Vikram Bagri: Good afternoon everyone. I apologize, but I wanted to ask one more question about the long-term revenue outlook. Zvi, I think, you mentioned the outlook assumes some market gains. I was wondering if you can highlight the markets where you see market share in opportunity and what the strategy will be to capture that market share? And it doesn't sound like the second half assumes any inventory restocking, but I wanted to clarify, fourth quarter sort of the outlook $600 million to $650 million does not assume any inventory restocking in any way? And then I have a follow-up.

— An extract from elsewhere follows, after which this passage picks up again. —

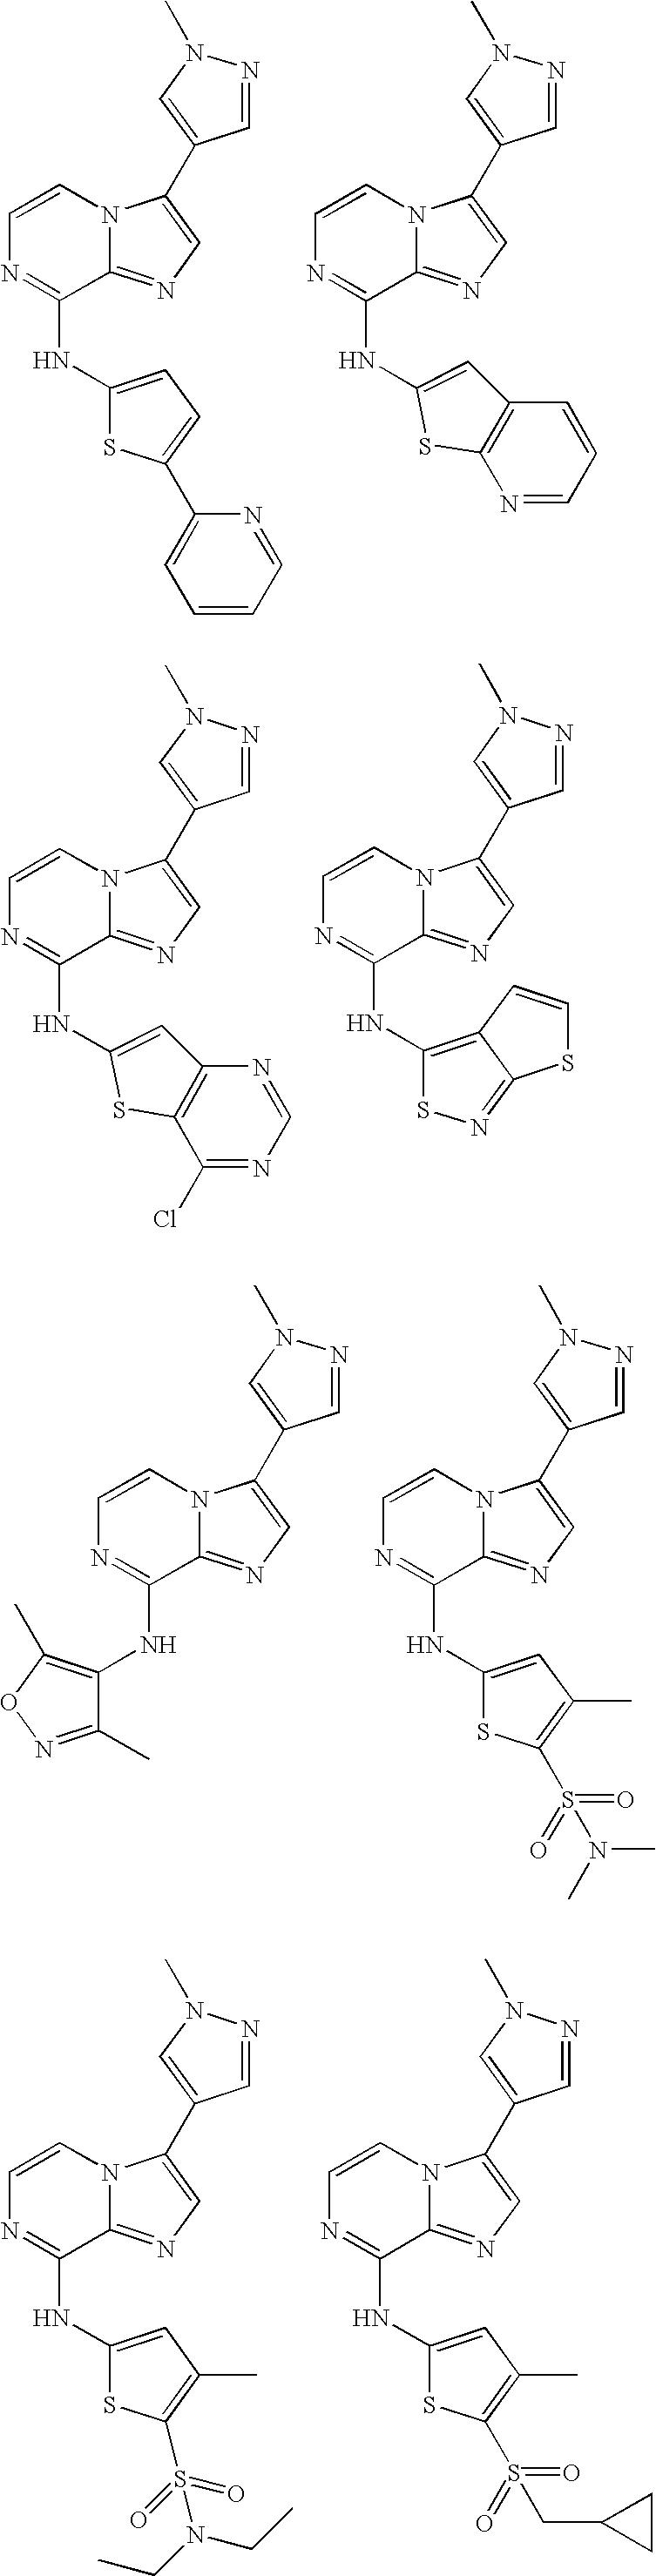 Figure US20070117804A1-20070524-C00062

Zvi Lando: On the first question, I think I discussed there is the topic of new segments that we have entered that we previously didn't serve at all. And obviously, there, every shipment is a market share gain. And the ground amount now that we're shipping 300-kilowatt inverters. We're gaining market share, and the same is in trackers. And same elsewhere from a revenue perspective, the scale is not huge, and we also didn't include it in the assumptions. In the core markets, share gains are obviously much more incremental. We didn't -- we don't give specific numbers or expectations or market. We have plans. We didn't bake them into the assumptions on the sell-through trajectory, leading on into revenue trajectory. Vikram, can you clarify again the second question just to make sure that we understand it correctly.

Vikram Bagri: I was asking the outlook for fourth quarter, $600 million to $650 million does not assume any inventory restocking in any way. I believe it does not, but I wanted to clarify.

Zvi Lando: It assumes that the distribution channel will be by then at the balanced inventory level that they typically want to maintain that historically is somewhere in the range of 60 to 90 days of inventory is what our experience is that most distributors and channels want to hold. So that is kind of what we modeled again a bit variations on countries and regions and products, if that is what -- if that helps with the question.

Operator: Thank you. We have no further questions at this time. I now return the call of the conference back over to the presenters.

Zvi Lando: Okay. Just wanted to thank everyone for joining us on the call today, and have a good evening. Thank you.

Operator: This concludes today's teleconference. You may now disconnect your lines. Thank you for participating.